::: DATASET EXTRACT :::

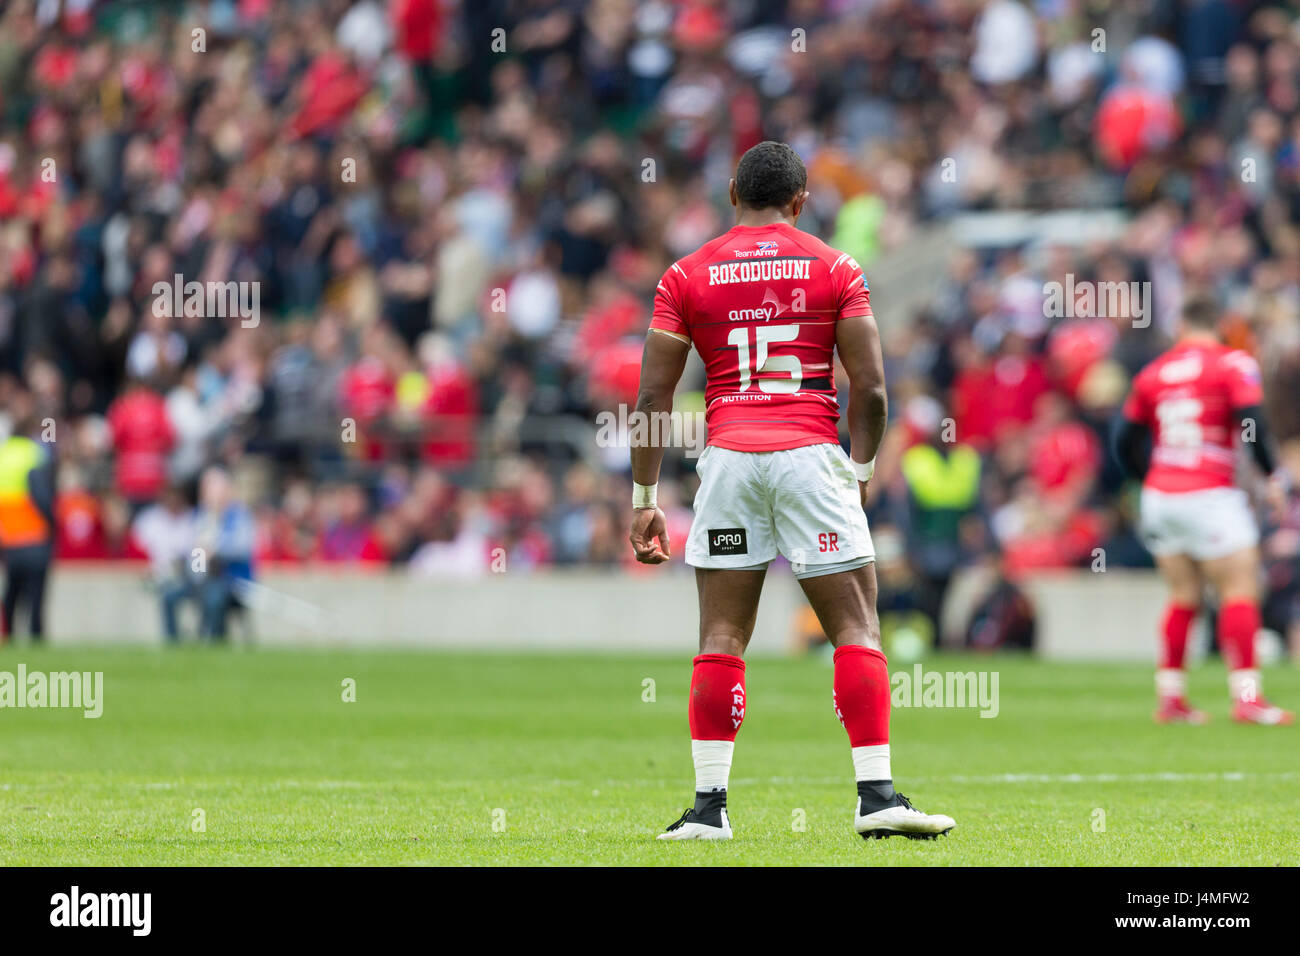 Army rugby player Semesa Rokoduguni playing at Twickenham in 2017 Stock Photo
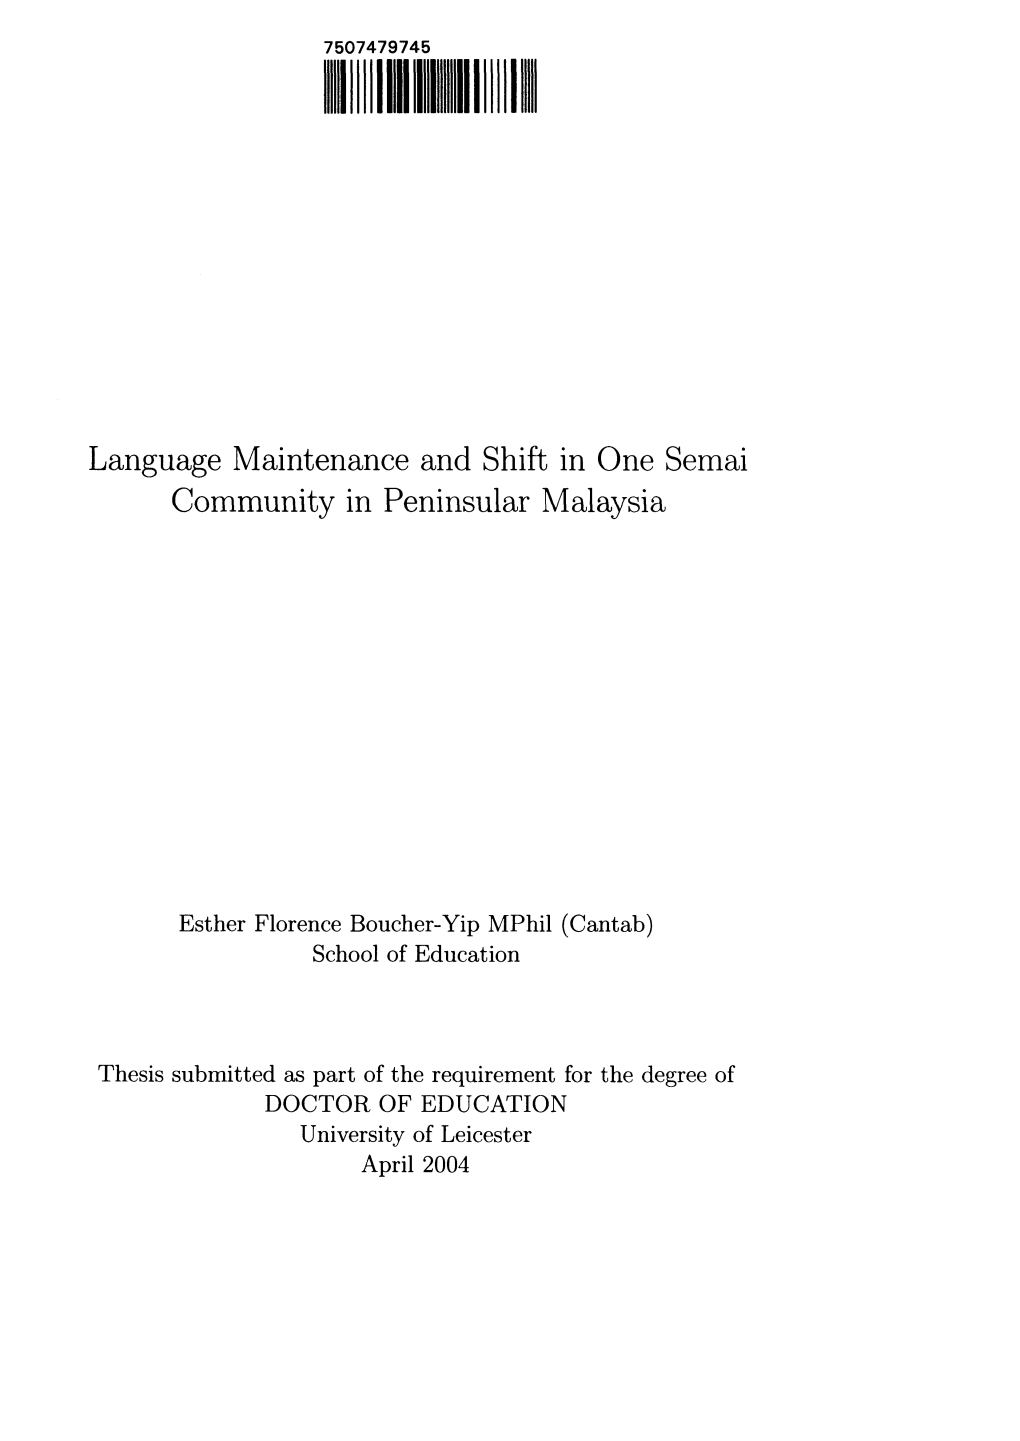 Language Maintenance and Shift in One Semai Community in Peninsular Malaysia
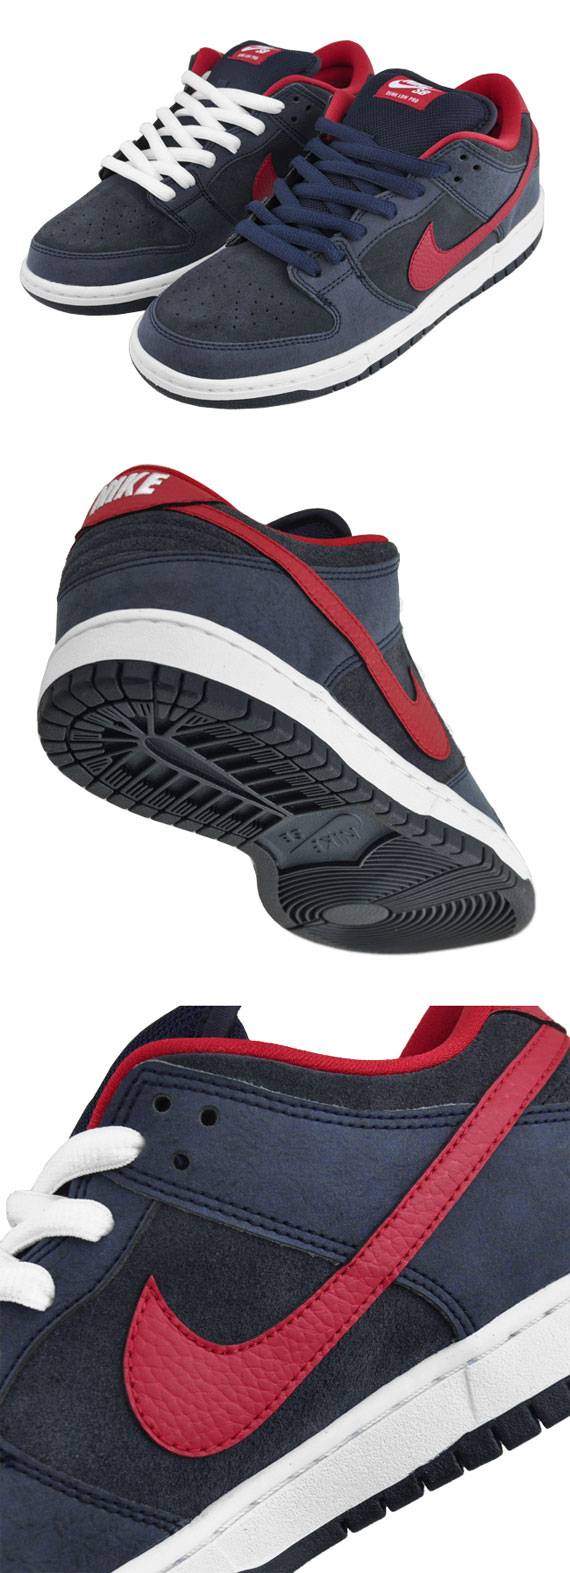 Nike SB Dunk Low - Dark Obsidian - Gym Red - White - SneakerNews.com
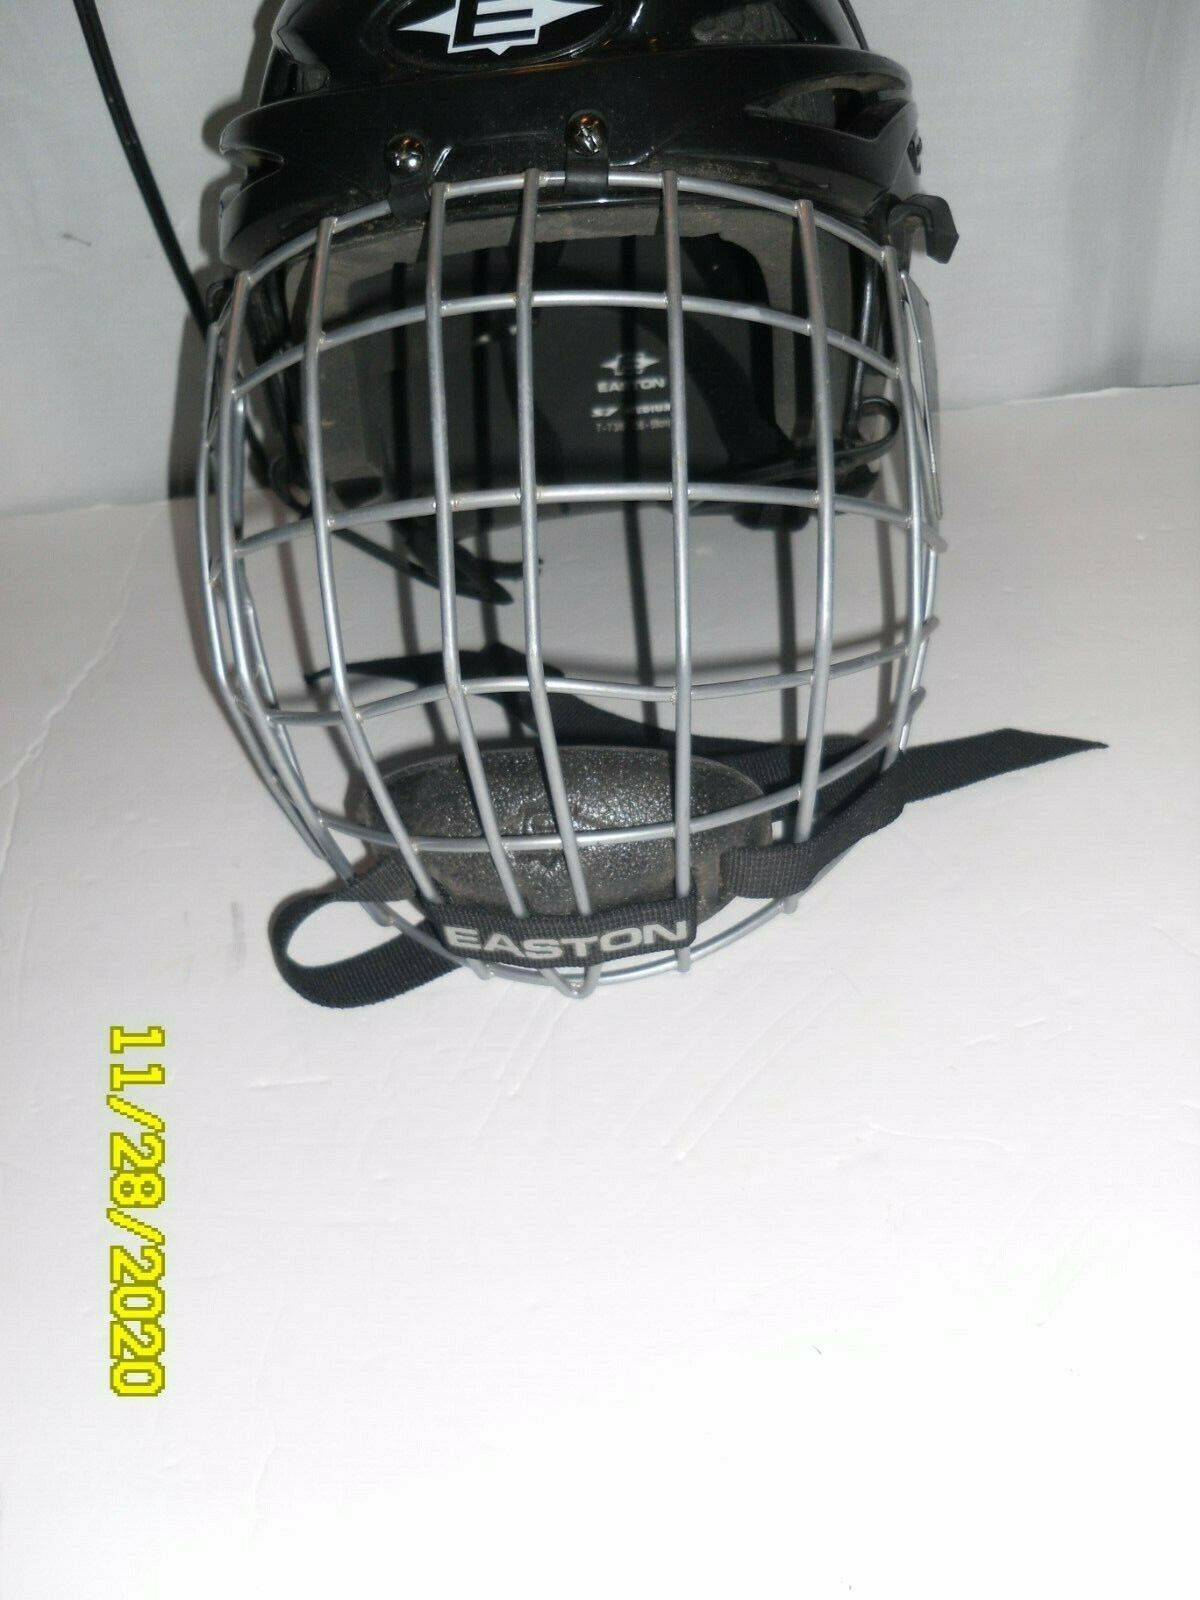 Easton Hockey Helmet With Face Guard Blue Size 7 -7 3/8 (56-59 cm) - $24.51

:::

AIM OF THE TASK: Please copy the data above exactly; the pictures do not belong in the copy.

RESULT OF THE TASK:
 Army rugby player Semesa Rokoduguni playing at Twickenham in 2017 Stock Photo
 Language Maintenance and Shift in One Semai Community in Peninsular Malaysia
 Nike SB Dunk Low - Dark Obsidian - Gym Red - White - SneakerNews.com
 Easton Hockey Helmet With Face Guard Blue Size 7 -7 3/8 (56-59 cm) - $24.51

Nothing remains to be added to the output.